English

The development of the radical right-wing parties in Germany

With a total of 3.3 percent of the vote in last month's national elections, the radical right-wing and fascist parties in Germany received a much lower vote than was anticipated.

At the end of April the German Peoples Union (DVU) had won a surprising 12.9 percent in state elections in the east German state of Saxony Anhalt and entered the local parliament with a total of 16 deputies. It was the best result for a neo-fascist party since the banning of Hitler's Nazi Party.

The DVU sought to extend its success in the national elections. Once again they concentrated their election campaign in those areas with high unemployment and attempted to exploit the social crisis to spread their racist demagogy. 'German money for German jobs!' and 'Jobs for Germans first, foreigners out!' were their rabble-rousing slogans.

A few days before the elections the head of the DVU, Munich-based publisher Gerhard Frey, called for a 'Storm on Bonn' in his paper Deutsche National-Zeitung.
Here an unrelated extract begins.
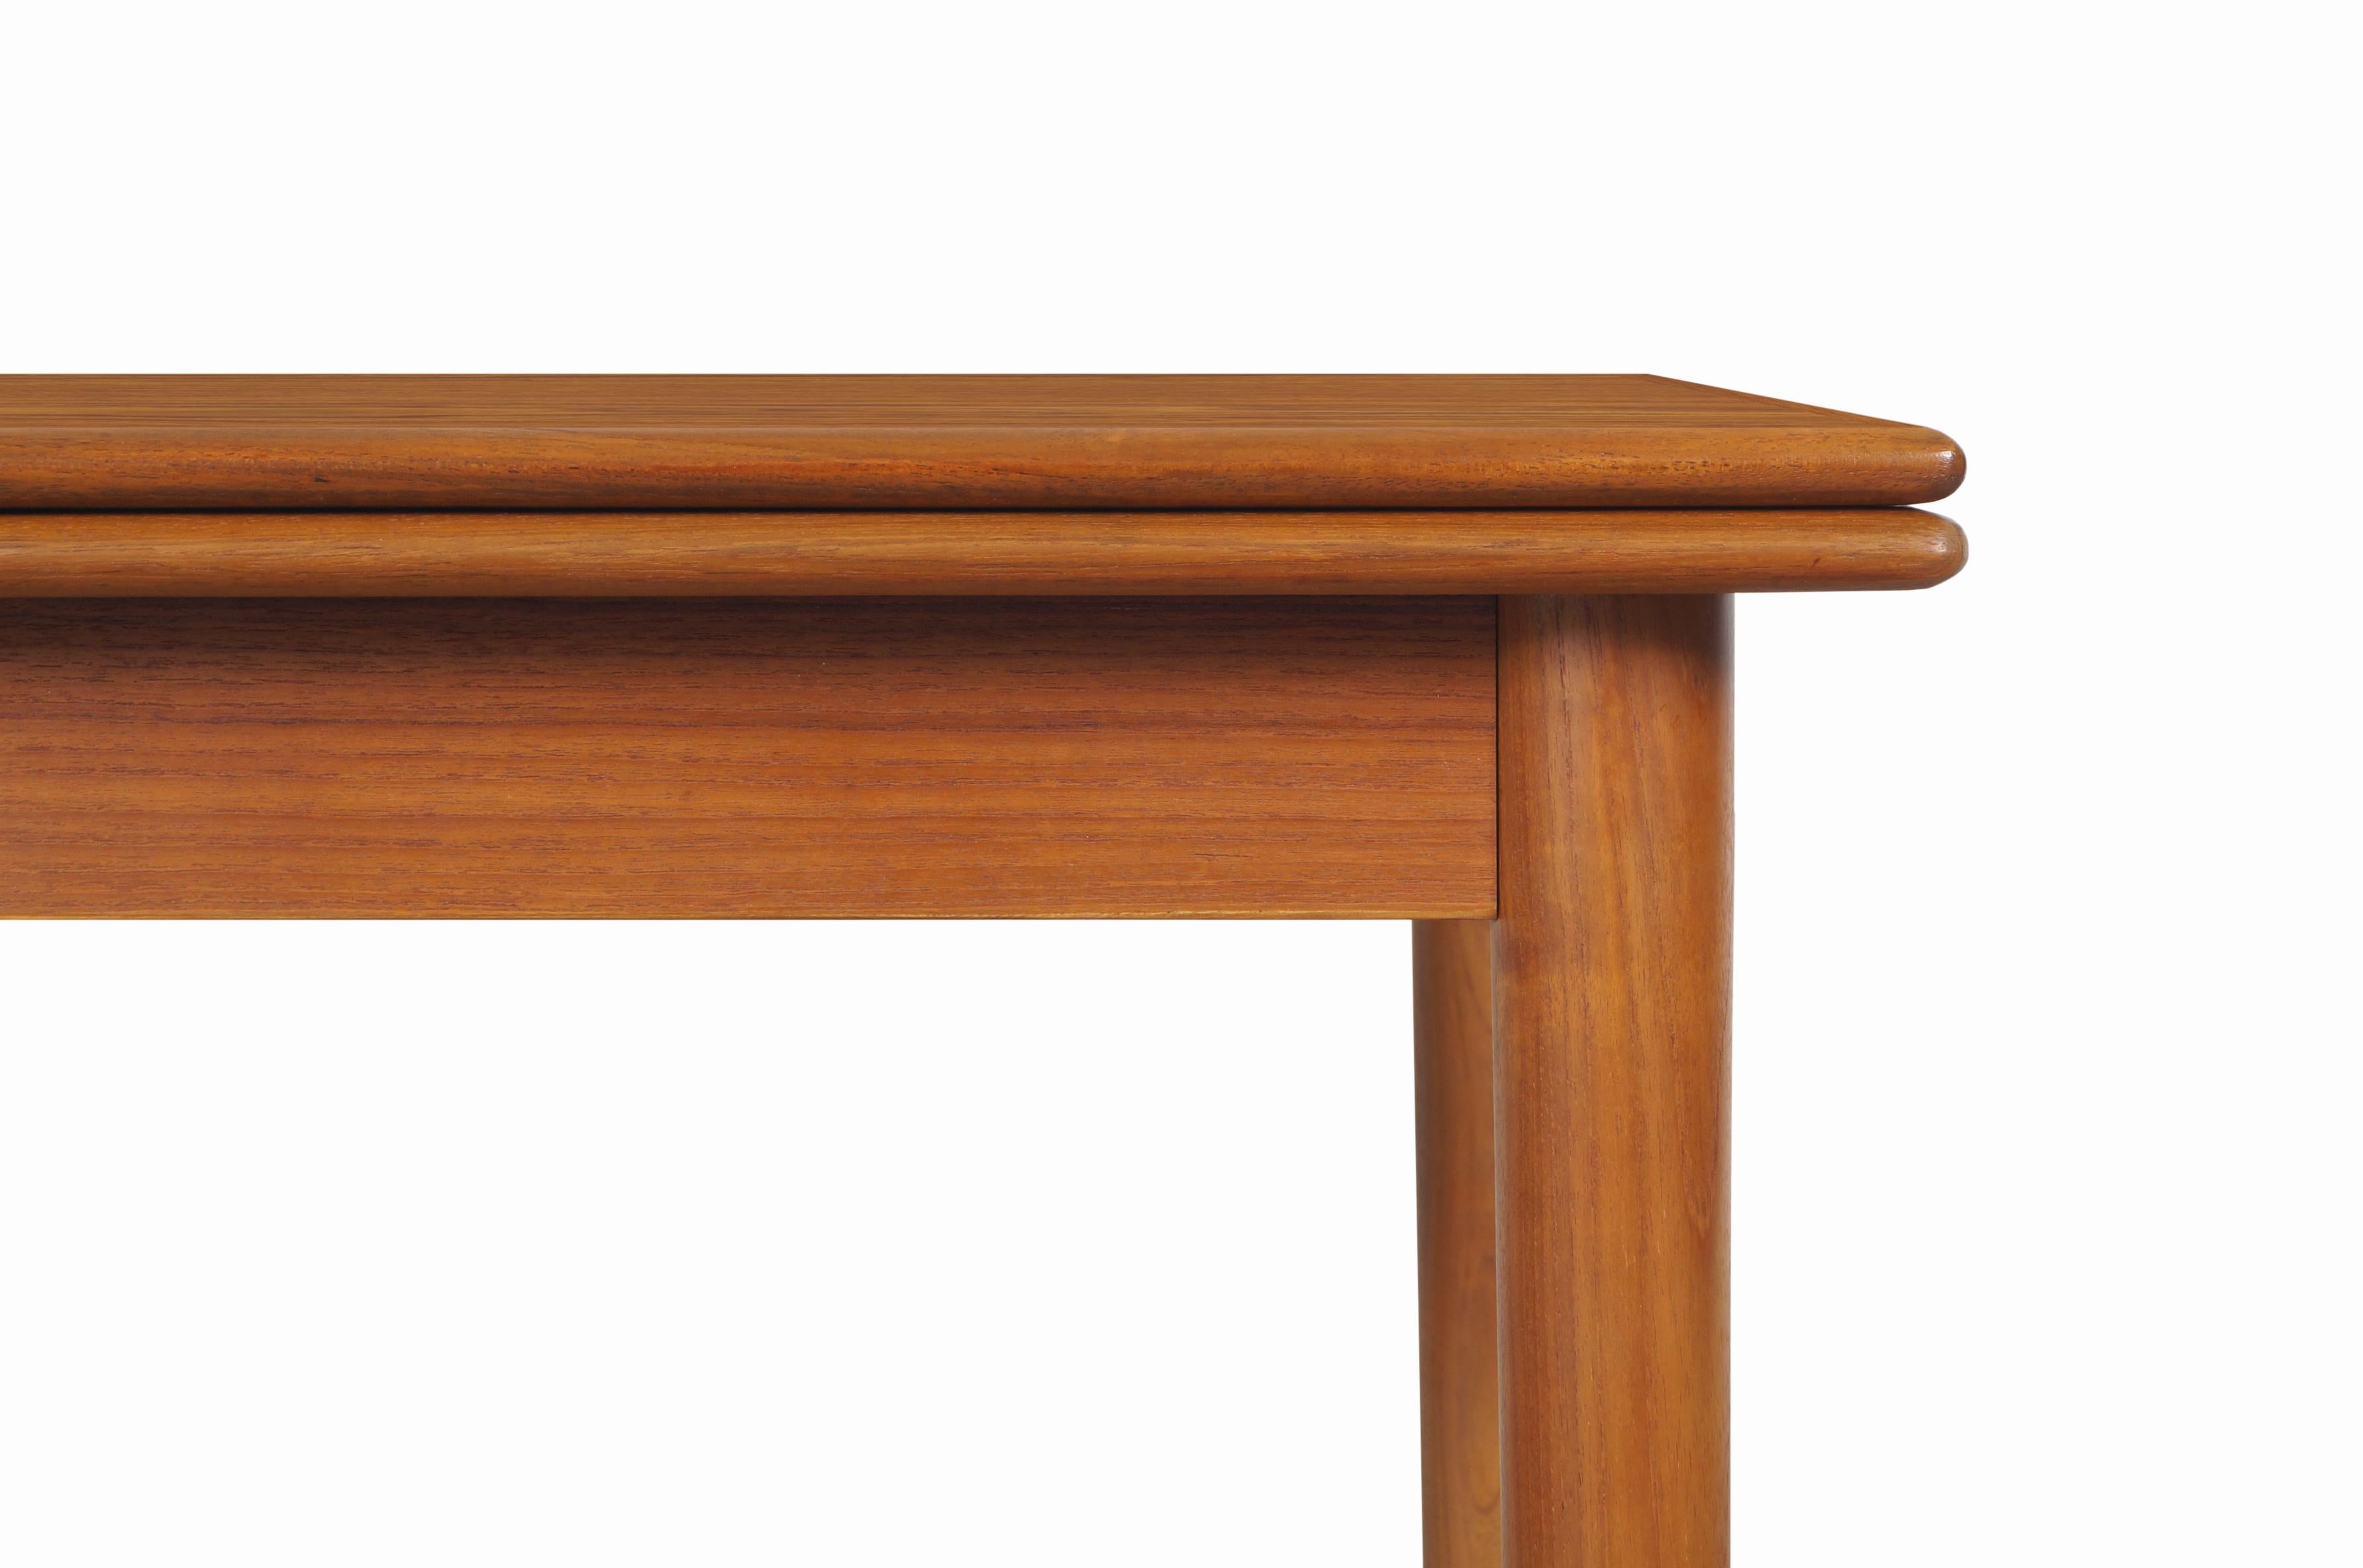 Mid-20th Century Danish Modern Expanding Teak Dining Table by AM Møbler

According to Frey the chances of entering the German parliament 'were never so good as today.' The 'bigwigs in Bonn won't know what hit them.'

However, after the votes had been counted a different picture emerged. With 1.3 percent of the vote the DVU followed the Republican Party, which, with just 1.7 percent, came off as badly as in the elections of four years earlier. In Saxony Anhalt the vote for the DVU fell from the state election total of 12.9 percent to 3.2 percent.

In another east German state, Mecklenburg Vorpommern, elections to the state parliament took place in tandem with the national elections, and here too the right-wing parties failed to make an impact. Although opinion pollsters had predicted a strong vote for the neo-fascists, and some even expected both the DVU and the National Democratic Party (NPD) to enter the state administration, none of the parties achieved representation in the new parliament. (In Germany, only parties with more than 5 percent are entitled to representation.)

The poor result for the extreme right parties confirms that their previous electoral gains came primarily from protest voters, who this time were carried along by the broadly based sentiment for the ouster of Chancellor Kohl. The fact that the great majority of workers used the election as a plebiscite against the Kohl government had a strong and positive influence on those wavering layers living on the edge of society whose desperate plight had been exploited by the extreme right.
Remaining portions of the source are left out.